Question: {{ query }}?
"""
from langchain_community.llms import Ollama
ollama = Ollama(base_url="http://localhost:11434", model="llama3")
from langchain.chains import RetrievalQA
qa = RetrievalQA.from_chain_type(
llm=ollama,
chain_type="stuff",
retriever=db.as_retriever(search_kwargs={"k": 3}),
)
question = "Which planets are mentioned in the novel?"
response = qa.run(question)
print(response)
Example Execution
Note: Originally, I wanted to use a Project Gutenberg eBooks. But after using several LLMs, I noticed that some of them were trained on these books, and could answer questions without the need of a RAG frameworks. Therefore, I used the novel “Decision at Thunder Rift” from the BattleTech series as the context. You can read a small summary at sarna.net. Yes, I’m aware that this websites content may have been used to train a most recent LLM… .
Using the LangChain RAG with a LLaMA 3 model to query about the content of the eBook “Decision at Thunder Rift” revealed these answers:
Q: Who is Singh?
A: Singh is Harimandir Singh, the leader of the bandits who are attacking the Castle on Trellwan. He is the one who has been working behind the scenes to undermine Grayson's plans and is ultimately responsible for the chaos and destruction that is unfolding on the planet.
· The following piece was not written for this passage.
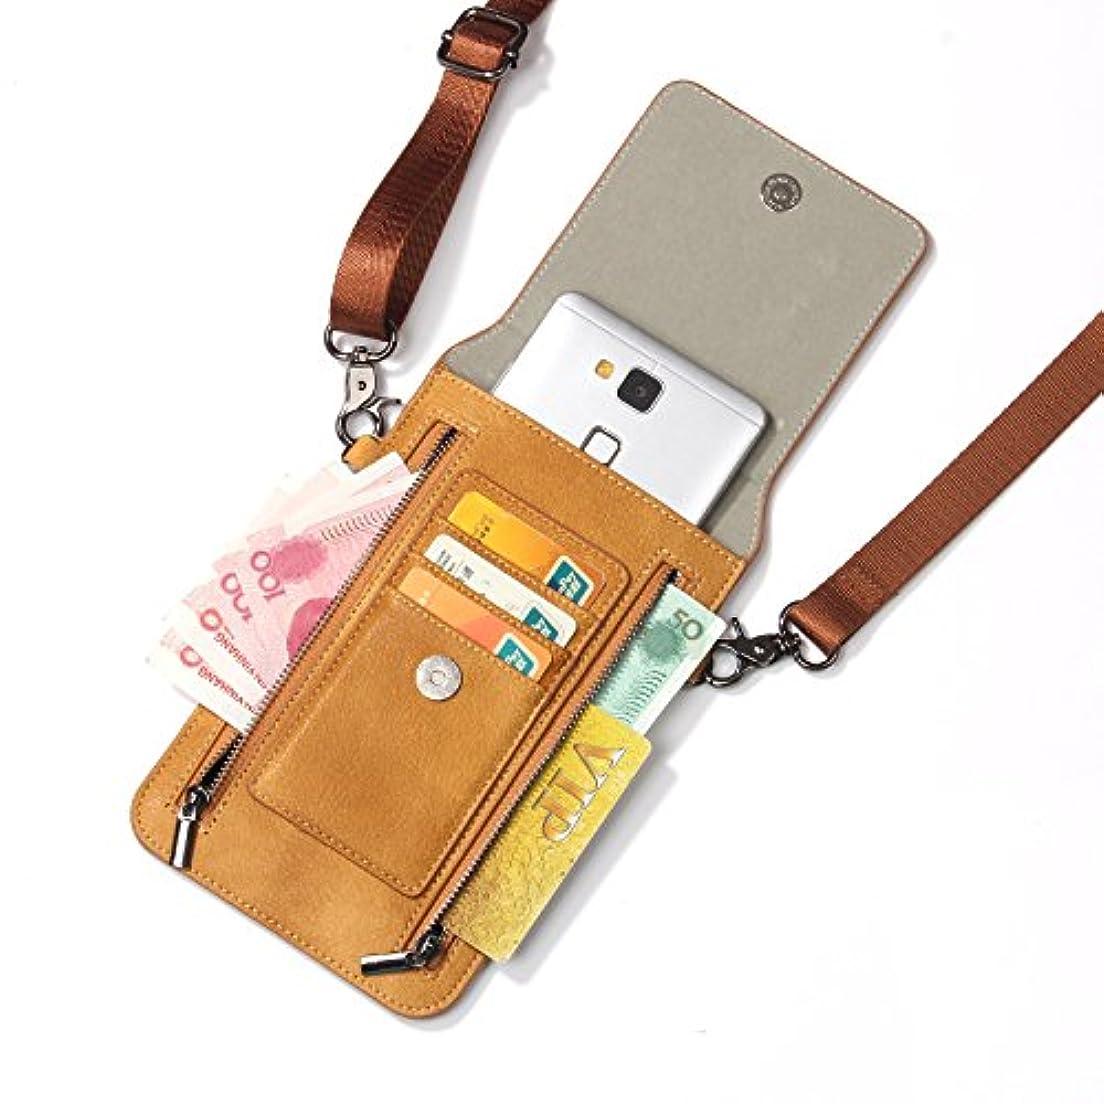 ビーム柱議論するiPhone XS Max ケース レザー INorton 多機能スマホポーチ 保護カバー 財布型 軽量 カード お金収納 ストラップ付き iPhone X /8/8Plus/7/7Plusなど6.5インチ汎用
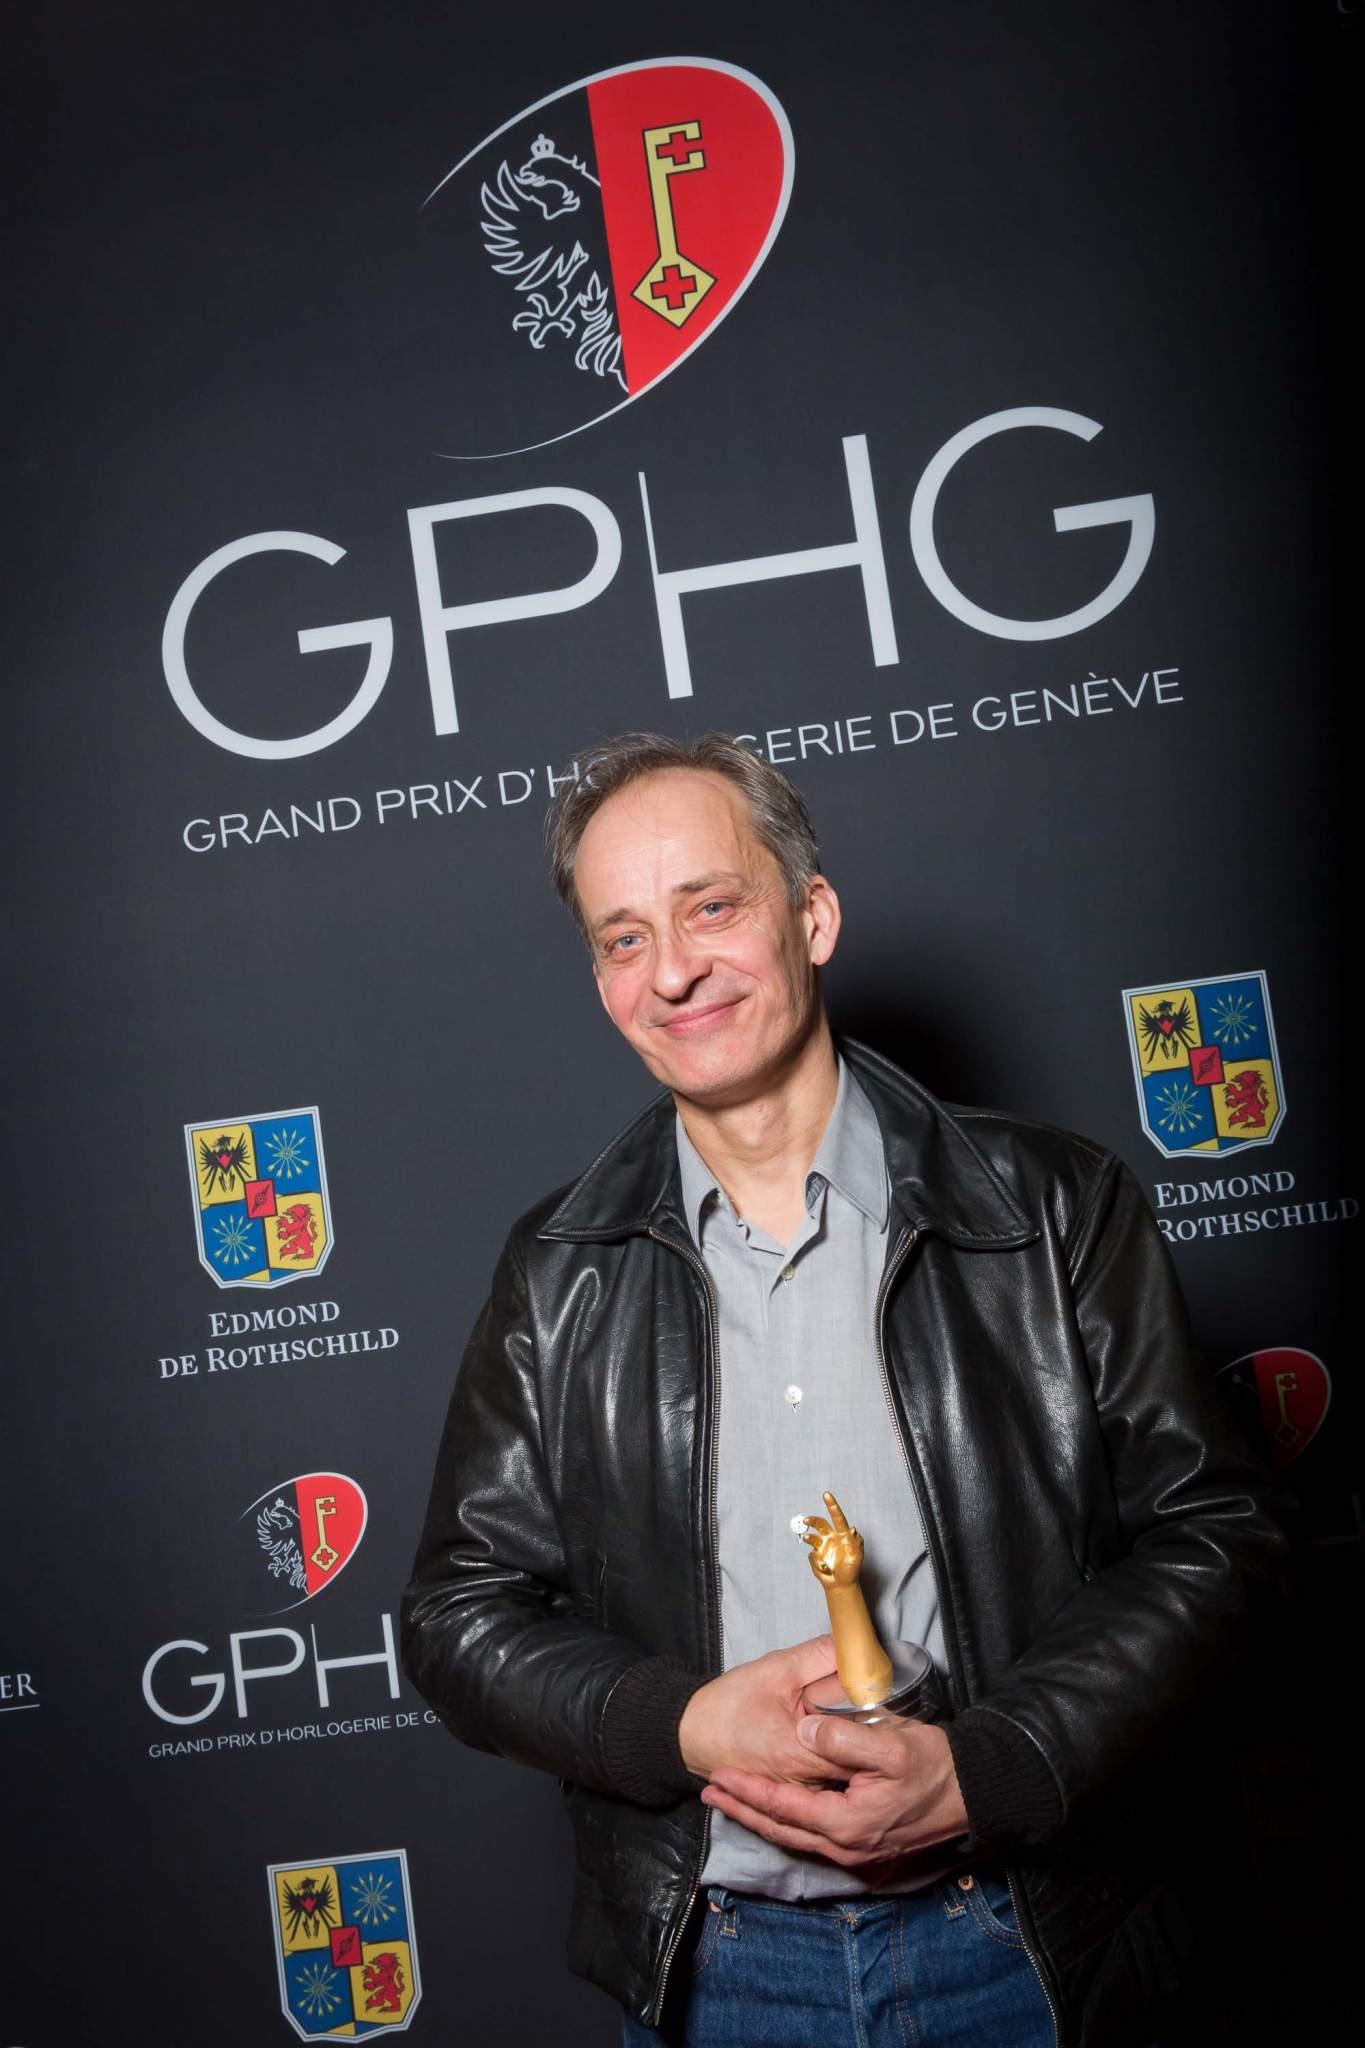 Vianney Halter, founder of Vianney Halter, winner of Innovation Prize 2013

Q: On which planets does the novel play?
A: The novel "BATTLETECH LEGENDS: DECISION AT THUNDER RIFT" plays on the planet of Solaris VII and Thunder Rift.
Q: Which BattleMech was used by Grayson?"
A: Grayson used a Shadow Hawk BattleMech.
Conclusion
Retrieval Augmented Generation frameworks help to overcome an LLMs limitation on relevant and up-to-date content. Content is converted to a vector representation, stored in a vector database, and retrieved to be included in the prompt that is send to an LLM. This article is a practical introduction to RAG using the LangChain framework. You learned how to setup the ChromaDB vector database, design the data ingestion code that converts a text into chunks, how to perform a similarity search with the vectorized content, and finally how to design a full RAG pipelines that combines contend extraction, prompt generation and LLM invocation.